Ok, I need to dig up qcc once I get toybox to 1.0.


July 21, 2019

Here's a fun one:

$ chicken() { echo hello; chicken() { echo also ;}; chicken;}
$ chicken
hello
also
$ chicken
also

The lifetime rules here are awkward. The original definition of chicken() is still running when it's overwritten, so the memory can't be freed until the function exits. And given that it could be a _recursive_ function... I think I need a reference count? (Or a function to clone a pipeline?)

Do I need this for variables too? I don't think so... They're used atomically, you don't run _in_ a variable you just resolve it. Even ${abc:${abc:${abc}}} is resolving the innermost one first and working its way back out. You can modify a variable in $((x=y)) (although you can only set it to a number: "fred=rutabega; rutabega=123; echo $((x=fred))" outputs 123) or assign default values to unset variables with ${name:=value}, but these happen in the context of one variable resolution and then the result is used for the next: ${abc:$X:$Y} doesn't care what the value of abc is until it has the values of $X and $Y, and the whole thing becomes a string which is then parsed by ${}.


July 19, 2019

Had one of Fade's vitamin pills on an empty stomach this morning. Last time my stomach got _that_ unhappy from a vitamin pill on an empty stomach was ...20 years ago now, driving to work at Trilogy.


July 18, 2019

Sorry if this shell blogging has been terse bordering on unintelligible. I've been doing a lot of design work and when I try to blog my thought process it gets REALLY LONG. Here, lemme do today's just to demonstrate.

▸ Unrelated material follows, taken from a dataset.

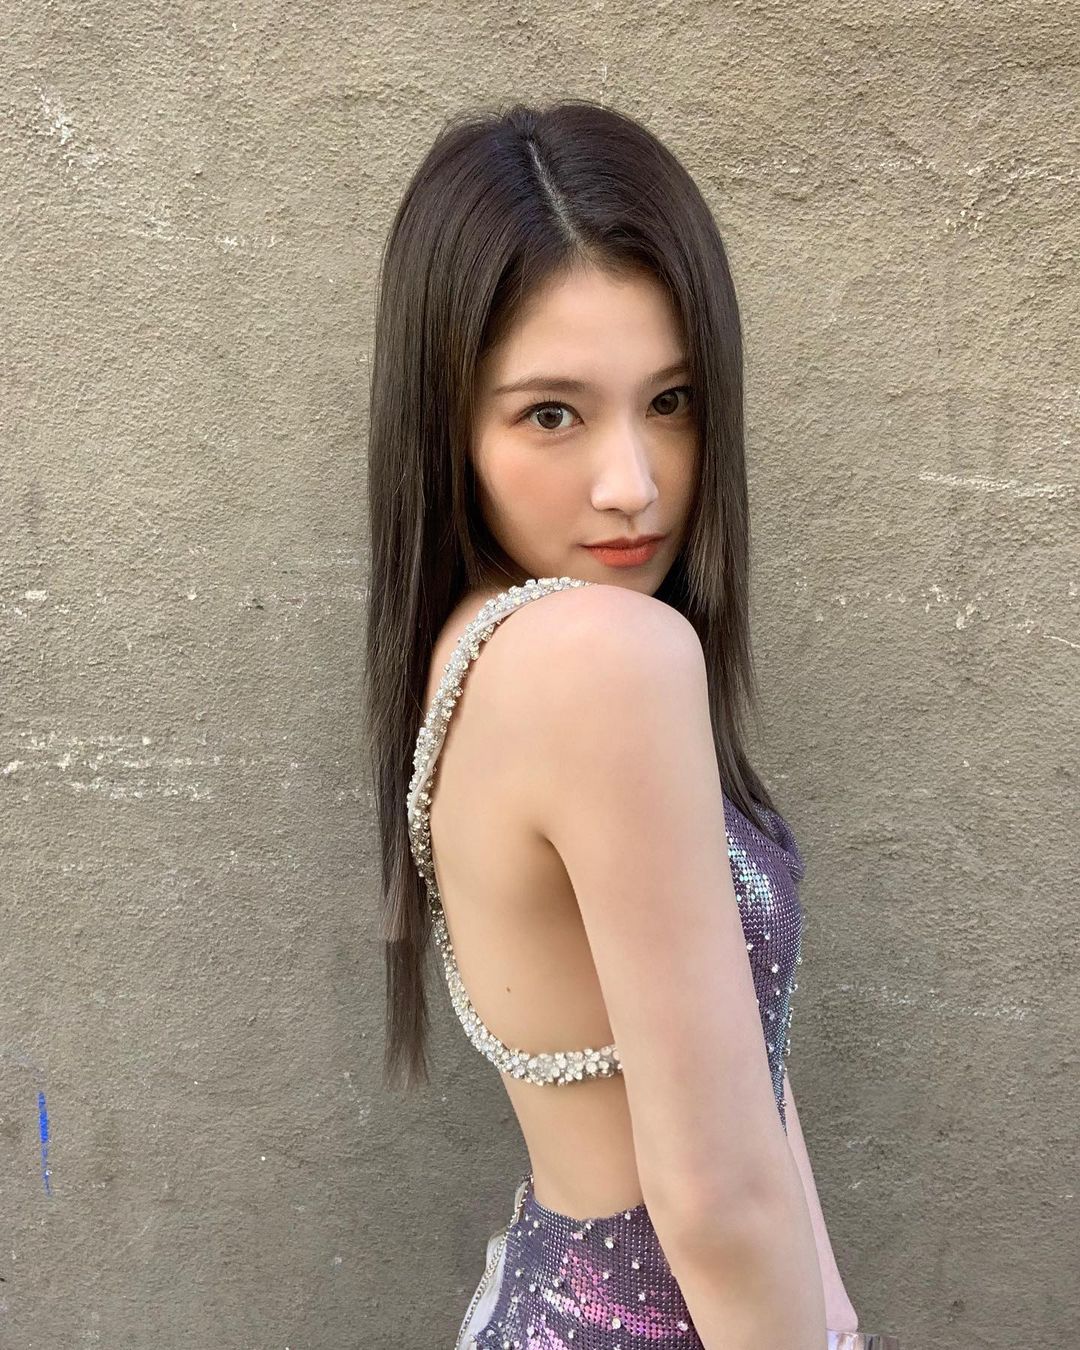 Sana exposes her daring back...exceeding her sexy limit

I'm still arguing with the flow control logic. Right now each flow control terminating statement is its own pipeline segment, but the flow control _starting_ statements are bunched together, because "if if if true; then false; fi; then false; fi; then false; fi" turns out to be a valid line.

The pipeline data structure is more or less a linked list of struct sh_arg { int c; char *v[];} structures. (Plus HERE document information, but that's irrelevant here, and it's doubly linked to make it easier to create in order rather than reversed.) Which means each pipeline segment is a command and its arguments, and each argument list ends with either NULL or a "control operator" like ; or | or && indicating how it interacts with the next one.

Flow control complicates this, because "(echo hello)|cat" is actually "(" is a starting flow control statement meaning "you fork and do all this in a subshell", "echo" and "hello" are a command you fork and exec, ")" is the corresponding end to the flow control statement, and then "|" applies to everything inside the parentheses (so the hello goes through it), and then "cat" is another command you fork and exec. So you actually wind up with:

( echo hello
) |
cat

And that's how I parsed it when I implemented the line continuation and syntax checking, which does the right set of ">" prompts until it has a complete thought, including ending quotes, flow control statements, and HERE documents.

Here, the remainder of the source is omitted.